──────── Data section ────────

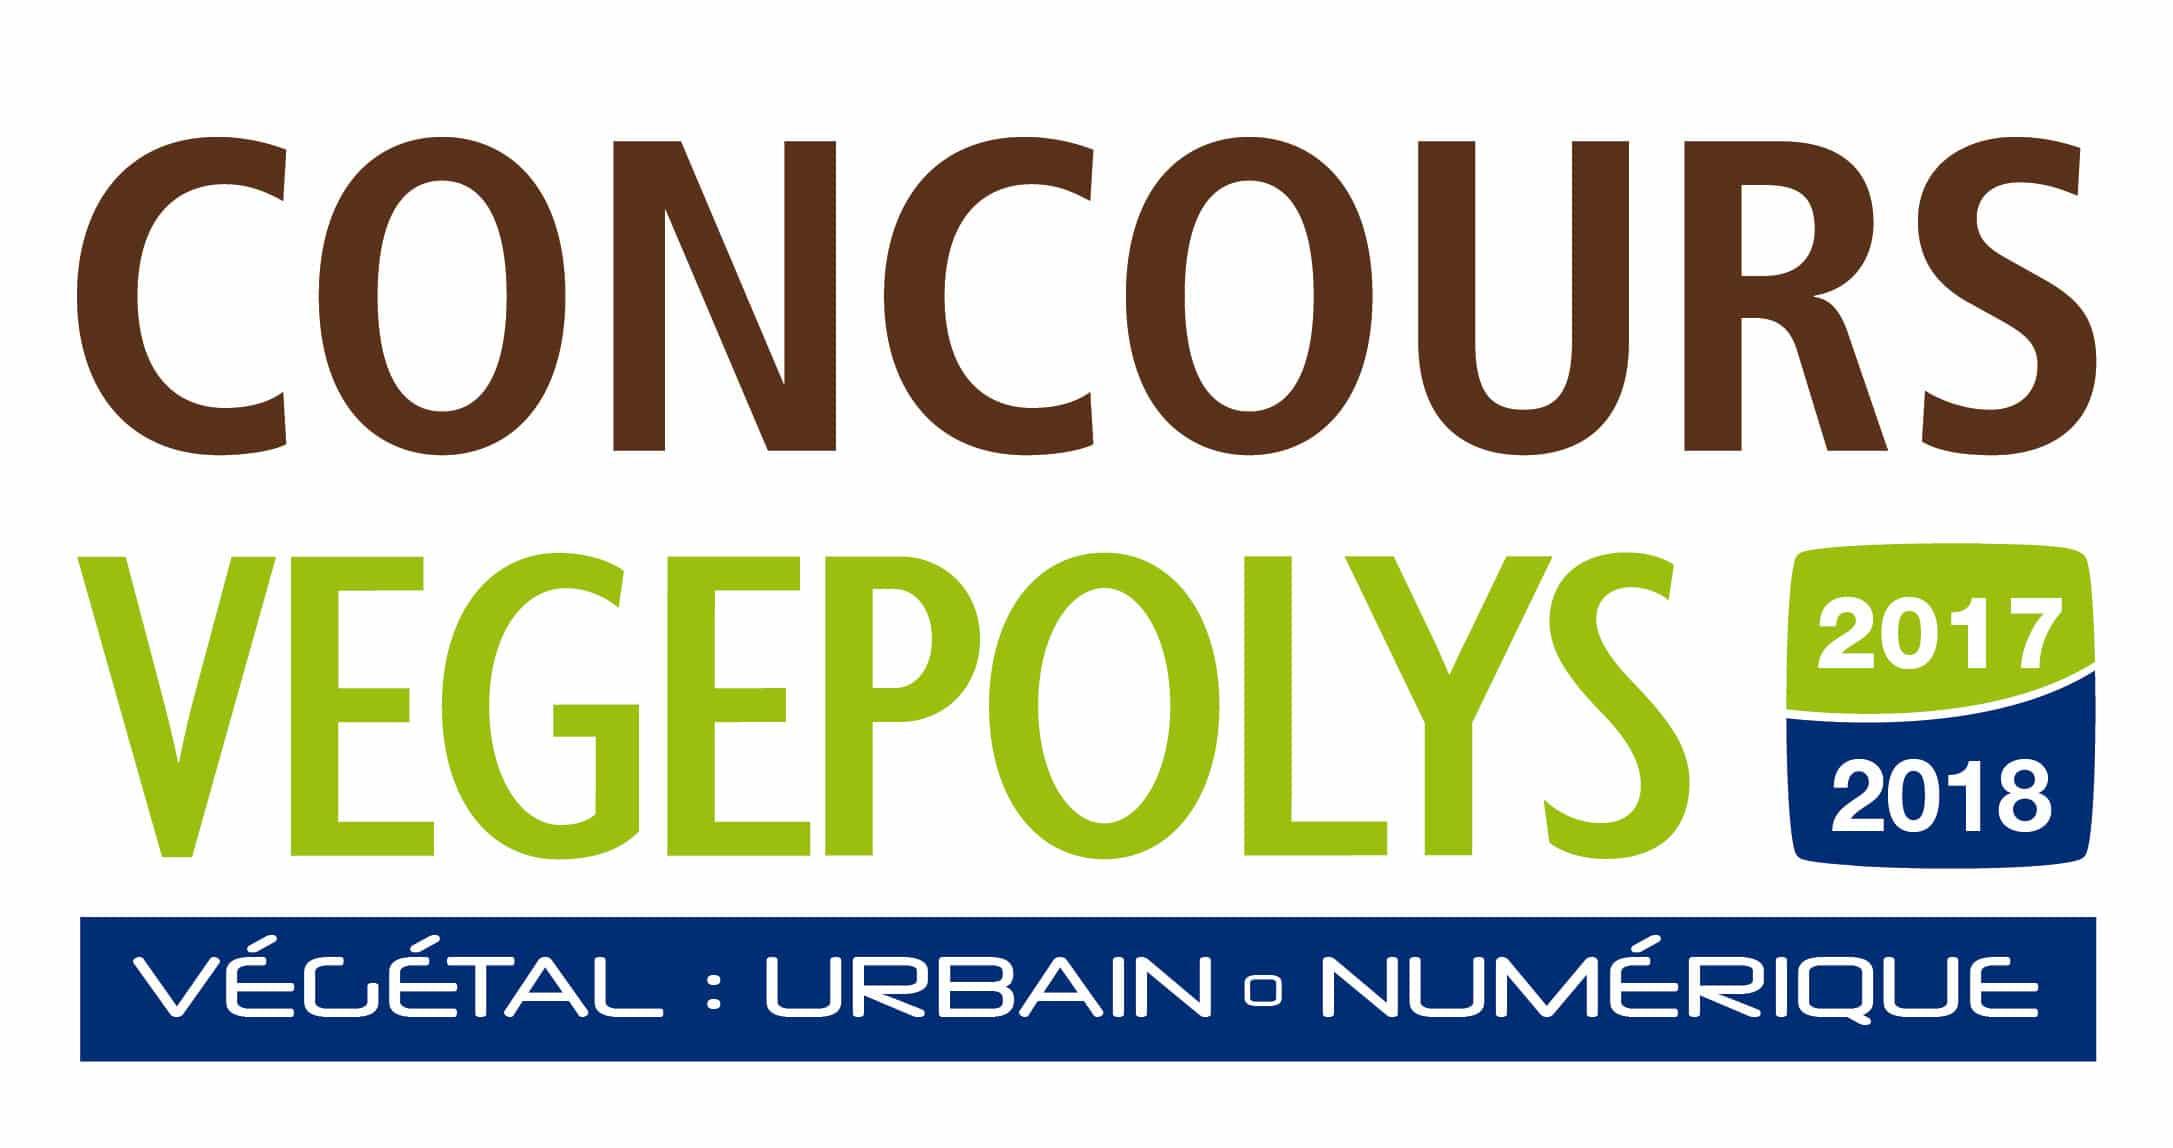 Concours VEGEPOLYS. Accélérez votre «jeune pousse» végétale !
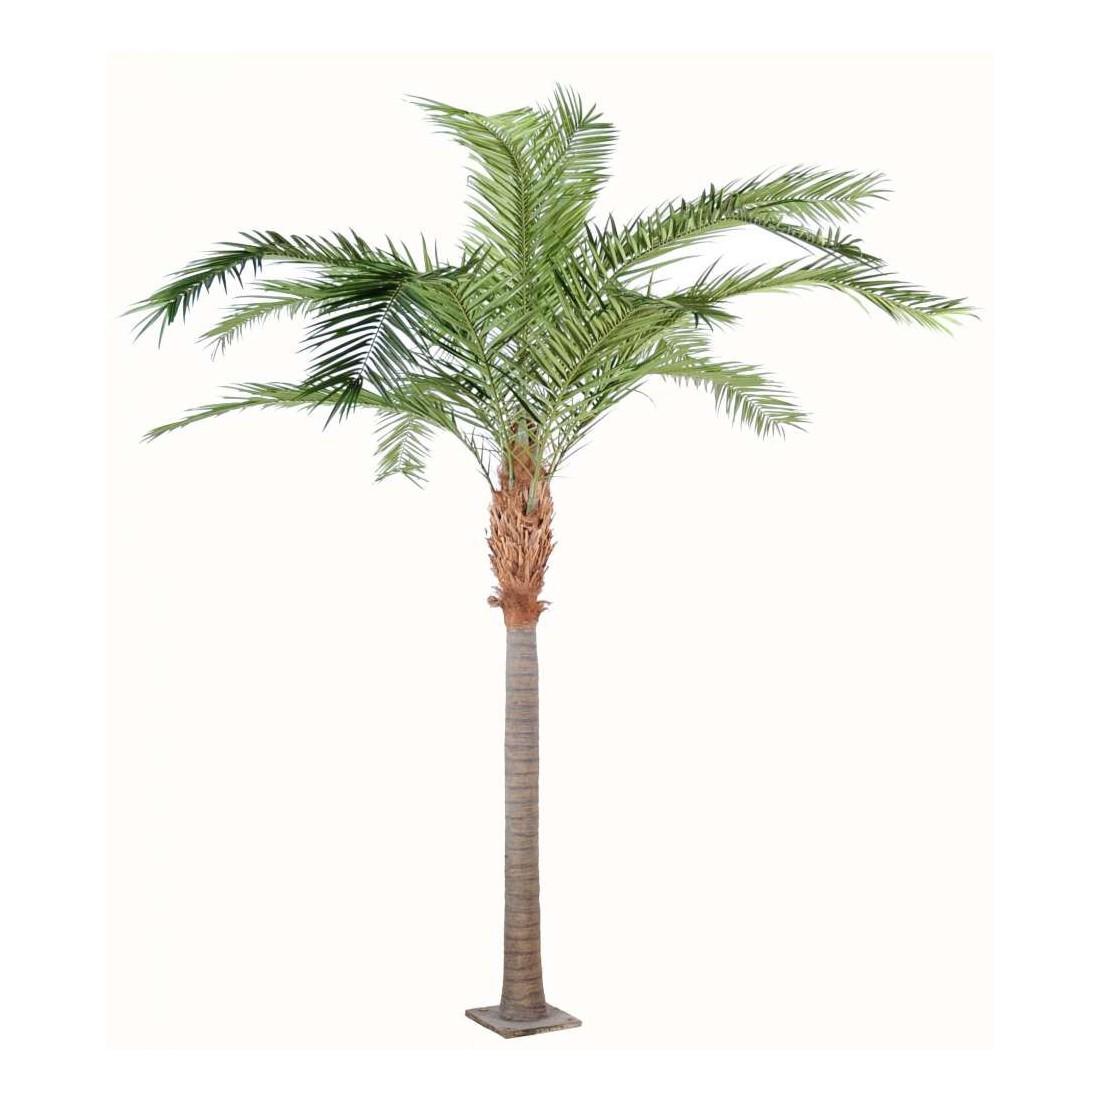 Palmier phoenix artificiel canariensis 350 et 420 cm for Palmier plastique ikea
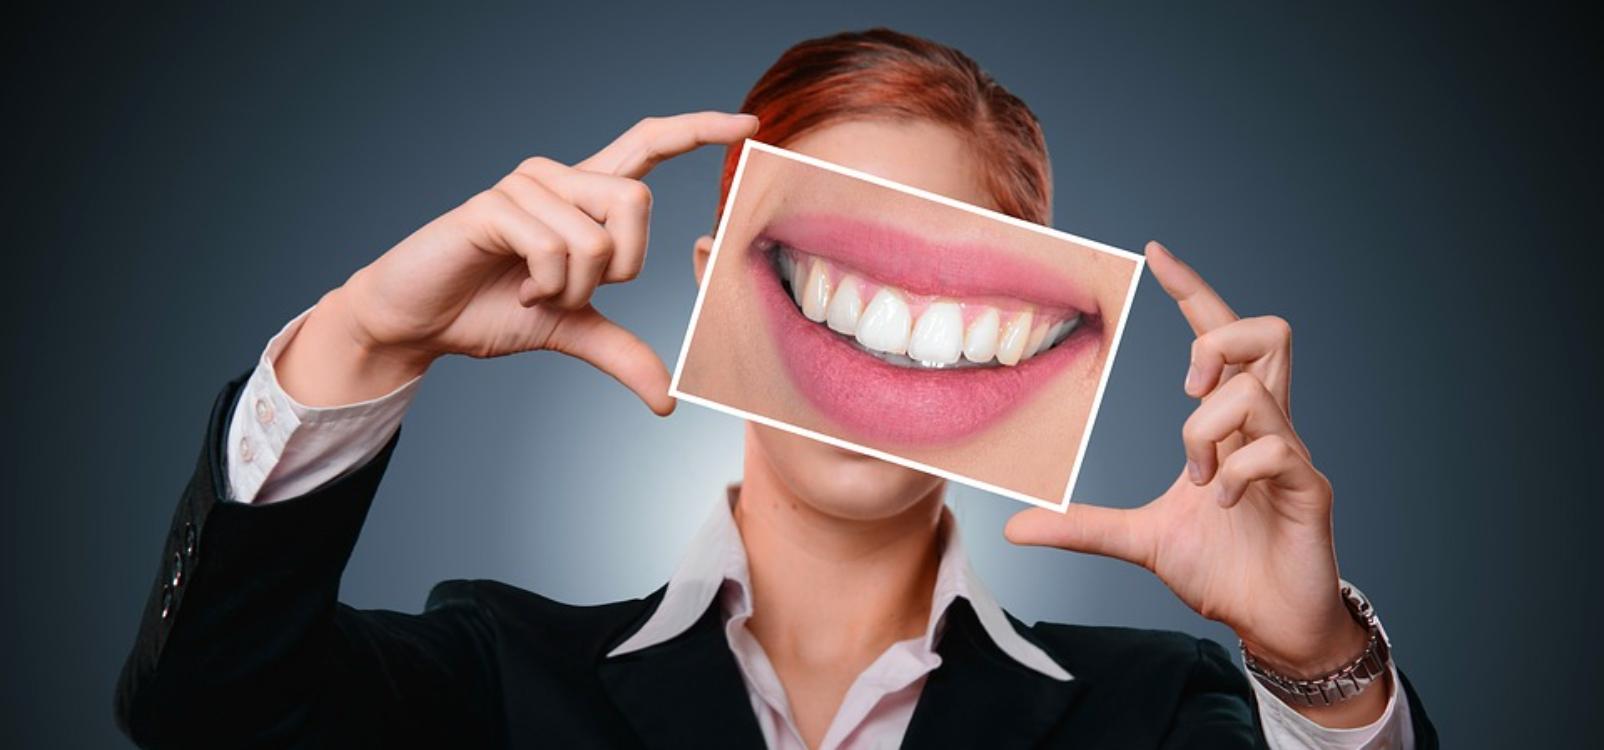 Quer ter um sorriso mesmo lindo? Estes 7 alimentos ajudam!
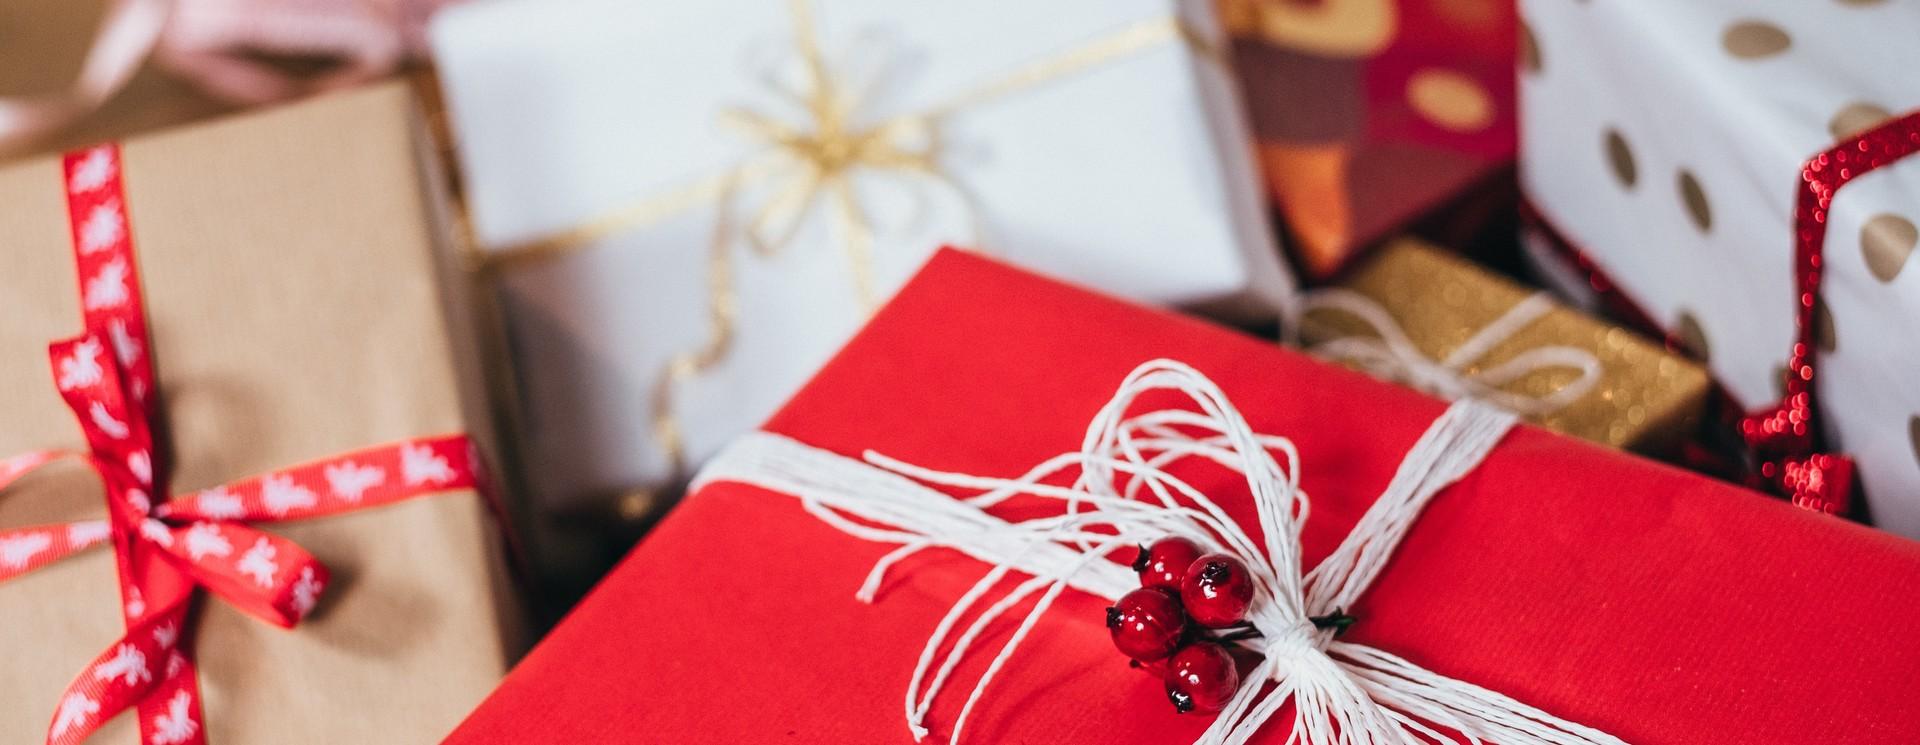 Geschenkenboxen

────────

Task goal. Would you transcribe all of the data exactly, apart from its pictures?

Expected answer.
 Concours VEGEPOLYS. Accélérez votre «jeune pousse» végétale !
 Palmier phoenix artificiel canariensis 350 et 420 cm for Palmier plastique ikea
 Quer ter um sorriso mesmo lindo? Estes 7 alimentos ajudam!
 Geschenkenboxen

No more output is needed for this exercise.